Provided data -

•••••

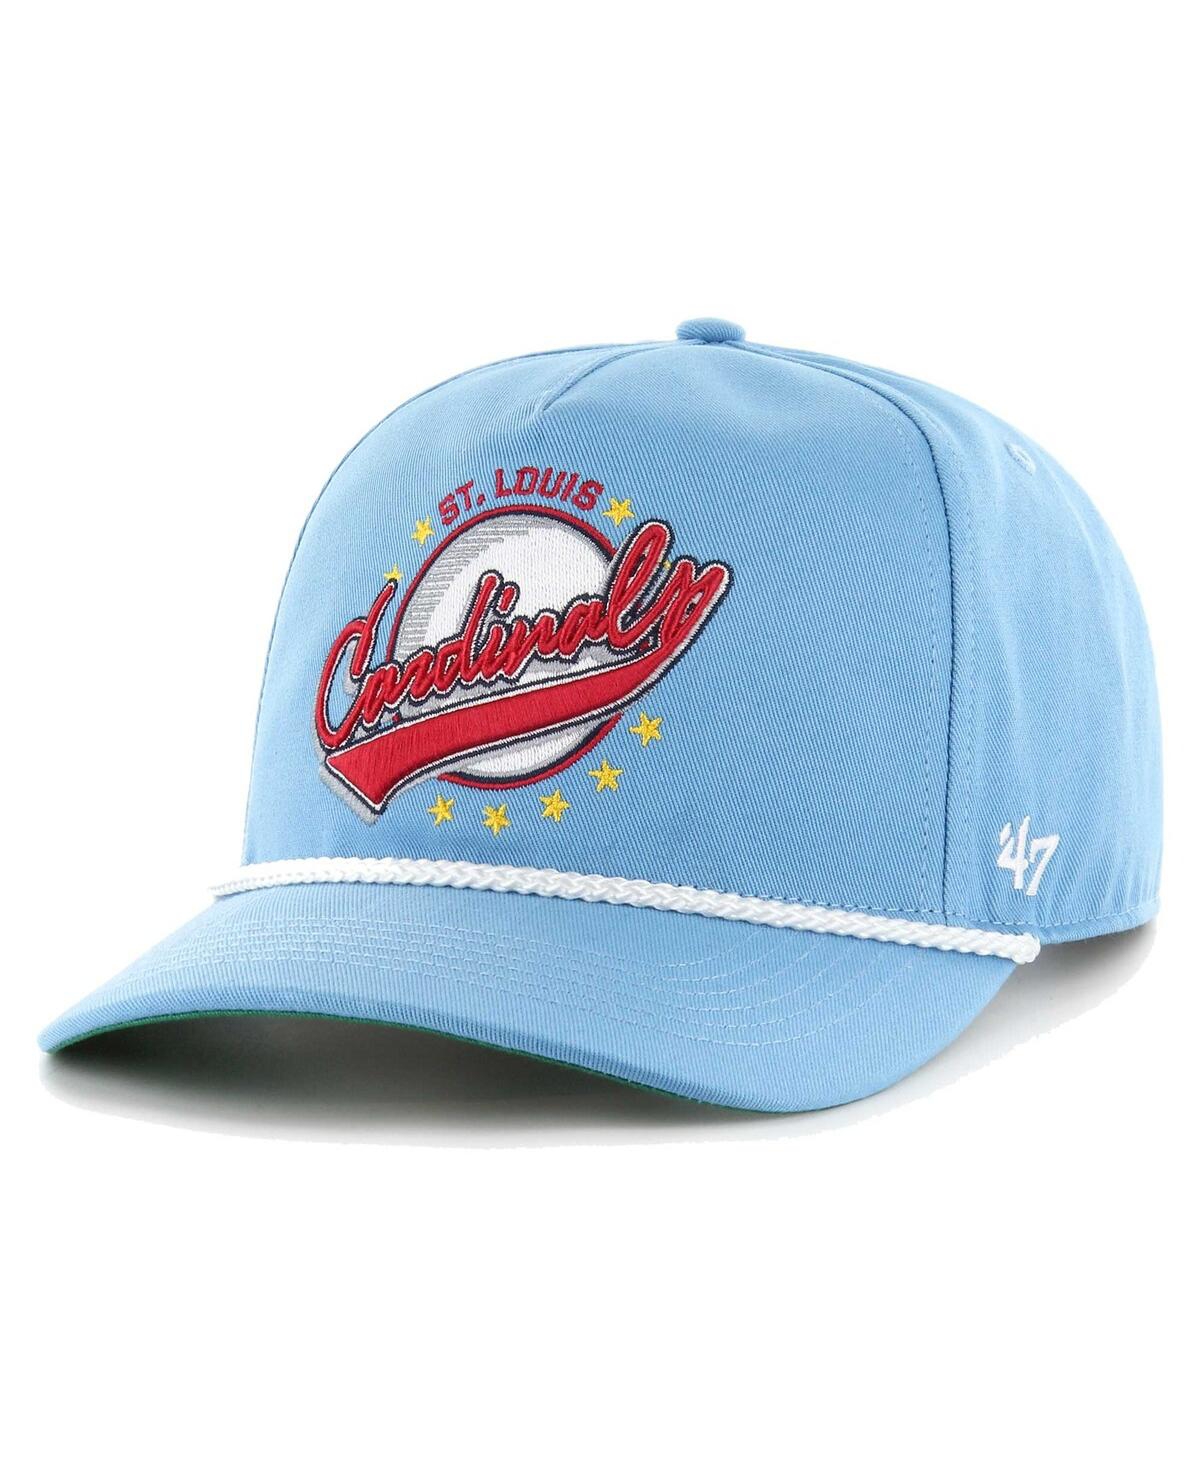 47 Men's Light Blue St. Louis Cardinals Wax Pack Collection Premier Hitch Adjustable Hat - Light Blue
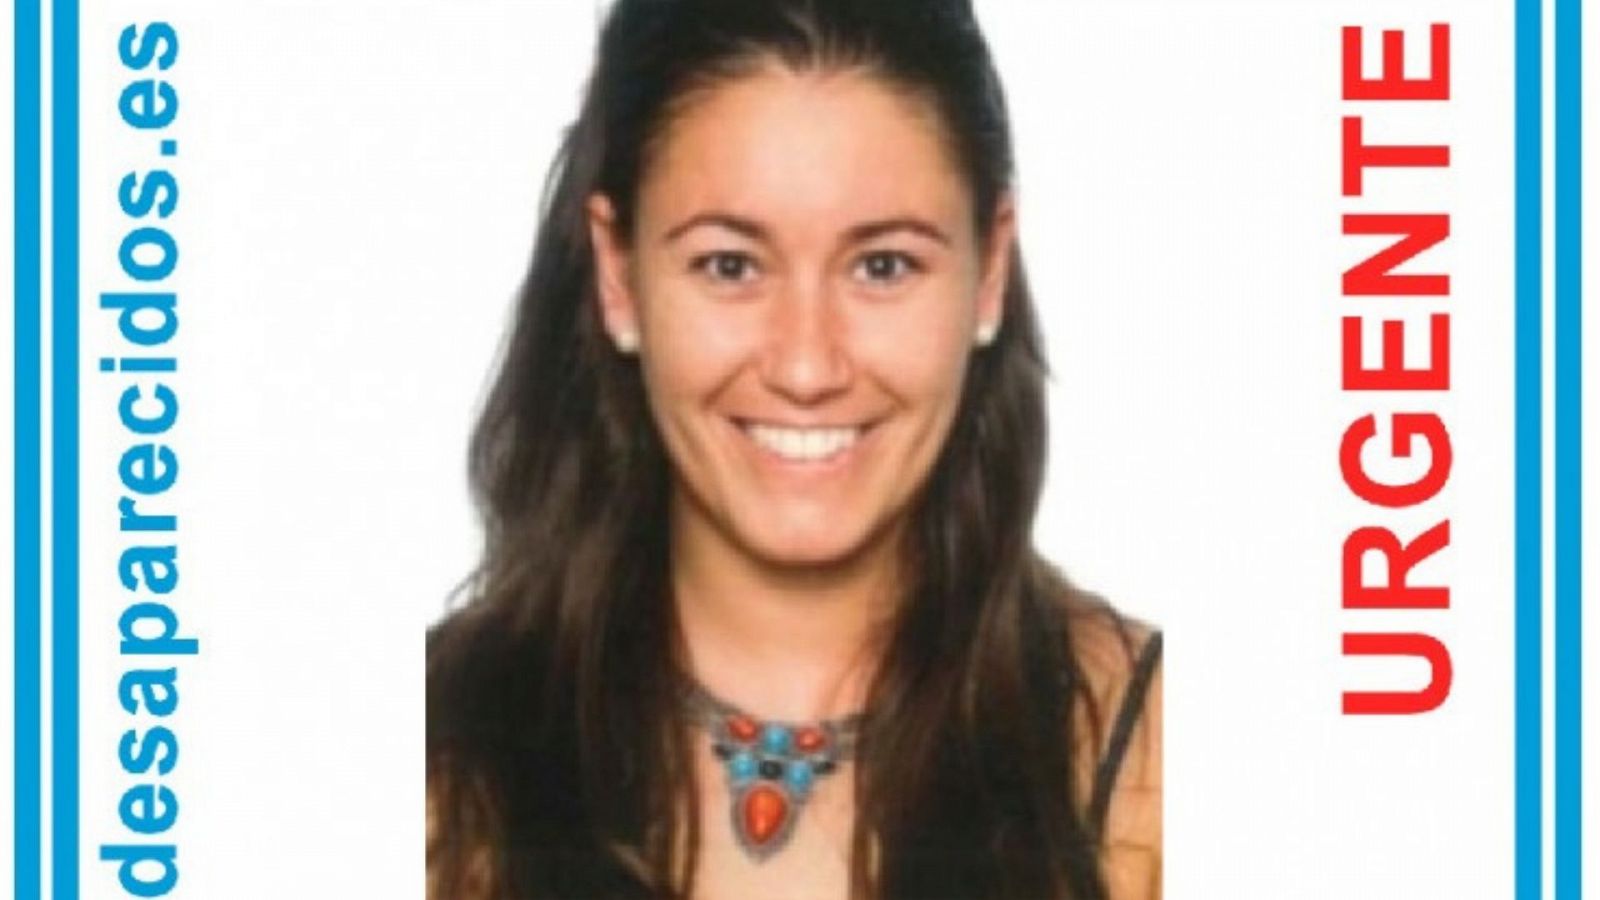 Continúa la búsqueda de Esther López, la mujer de 35 años desaparecida en Traspinedo,Valladolid - Ver ahora
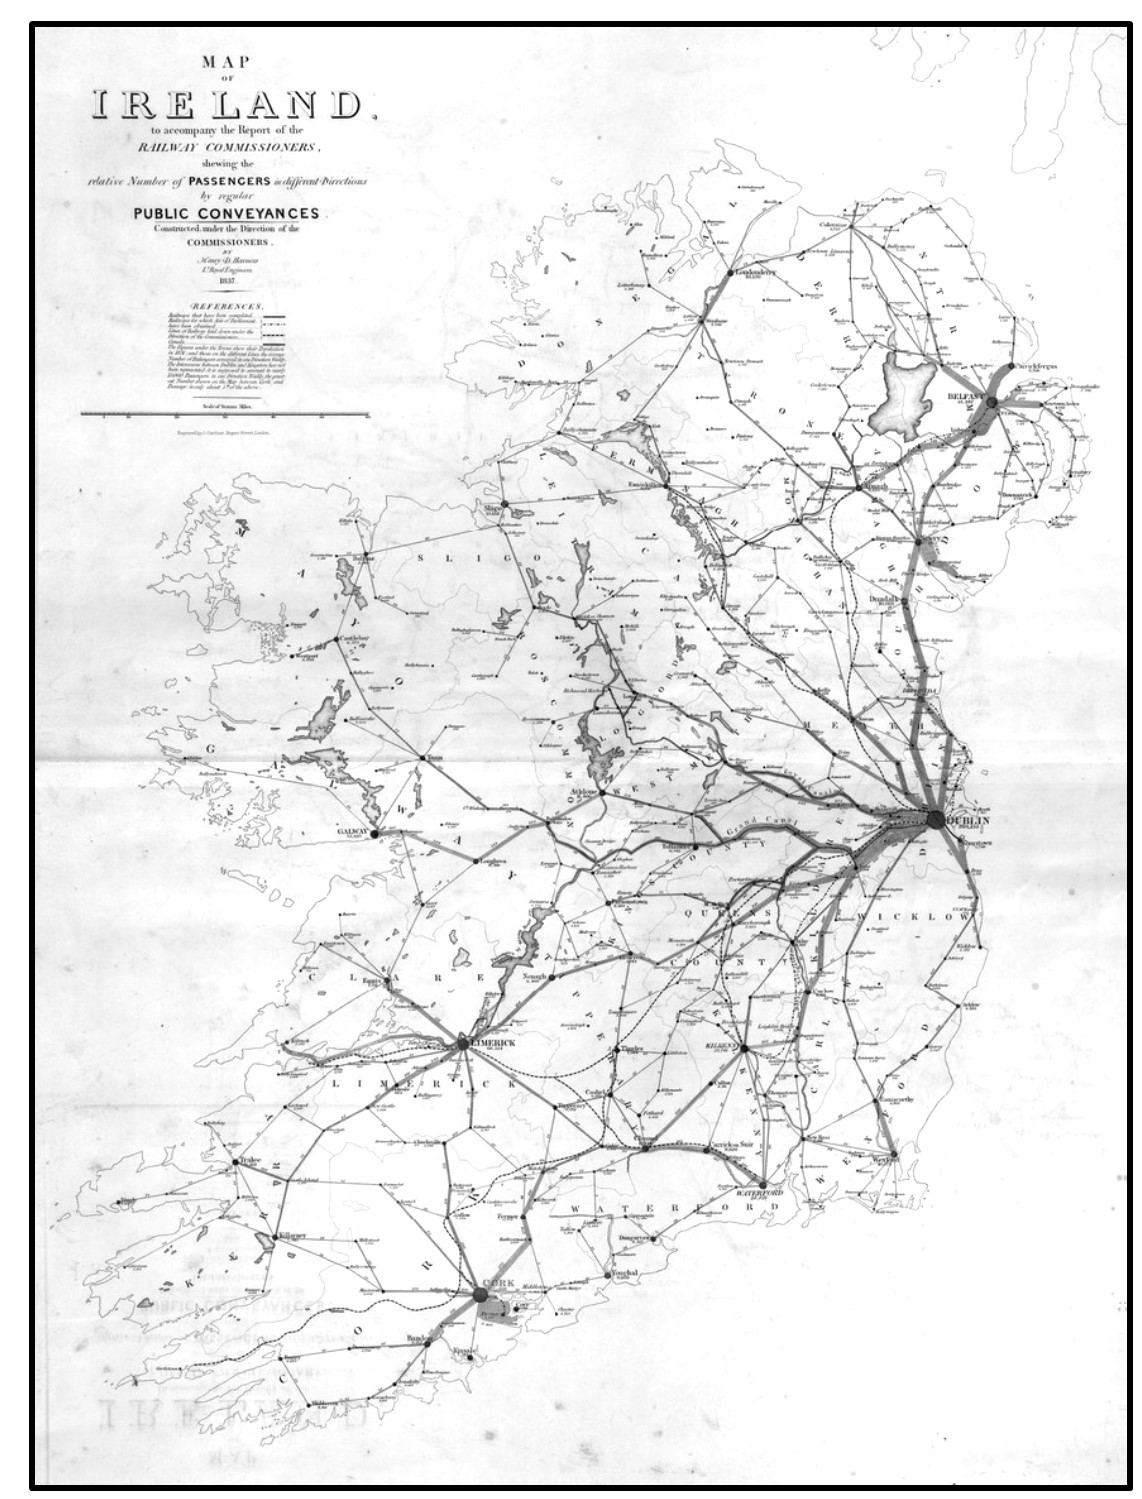 Rail flows out of Dublin
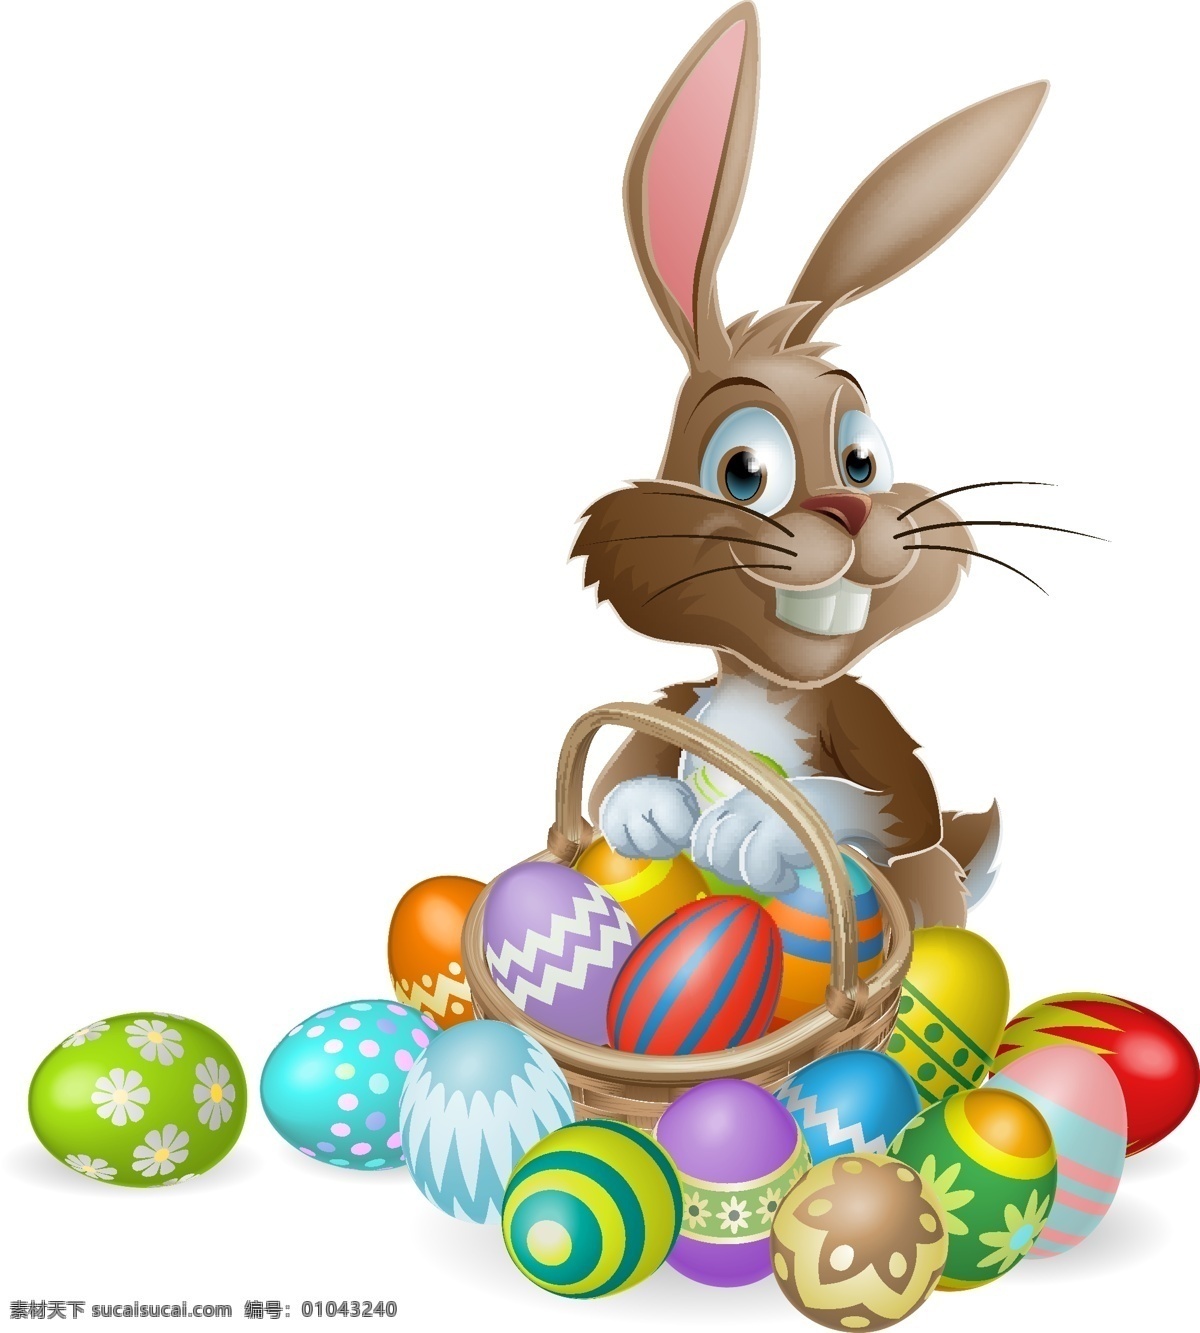 复活节 复活节海报 手绘 卡通兔子 鸡蛋 彩蛋 复活节背景 节日庆祝 文化艺术 矢量

•••••

What you have to do -
Pictures stay out; all other material above is restated word for word.

Finished task -
 47 Men's Light Blue St. Louis Cardinals Wax Pack Collection Premier Hitch Adjustable Hat - Light Blue
 Continúa la búsqueda de Esther López, la mujer de 35 años desaparecida en Traspinedo,Valladolid - Ver ahora
 Rail flows out of Dublin
 复活节 复活节海报 手绘 卡通兔子 鸡蛋 彩蛋 复活节背景 节日庆祝 文化艺术 矢量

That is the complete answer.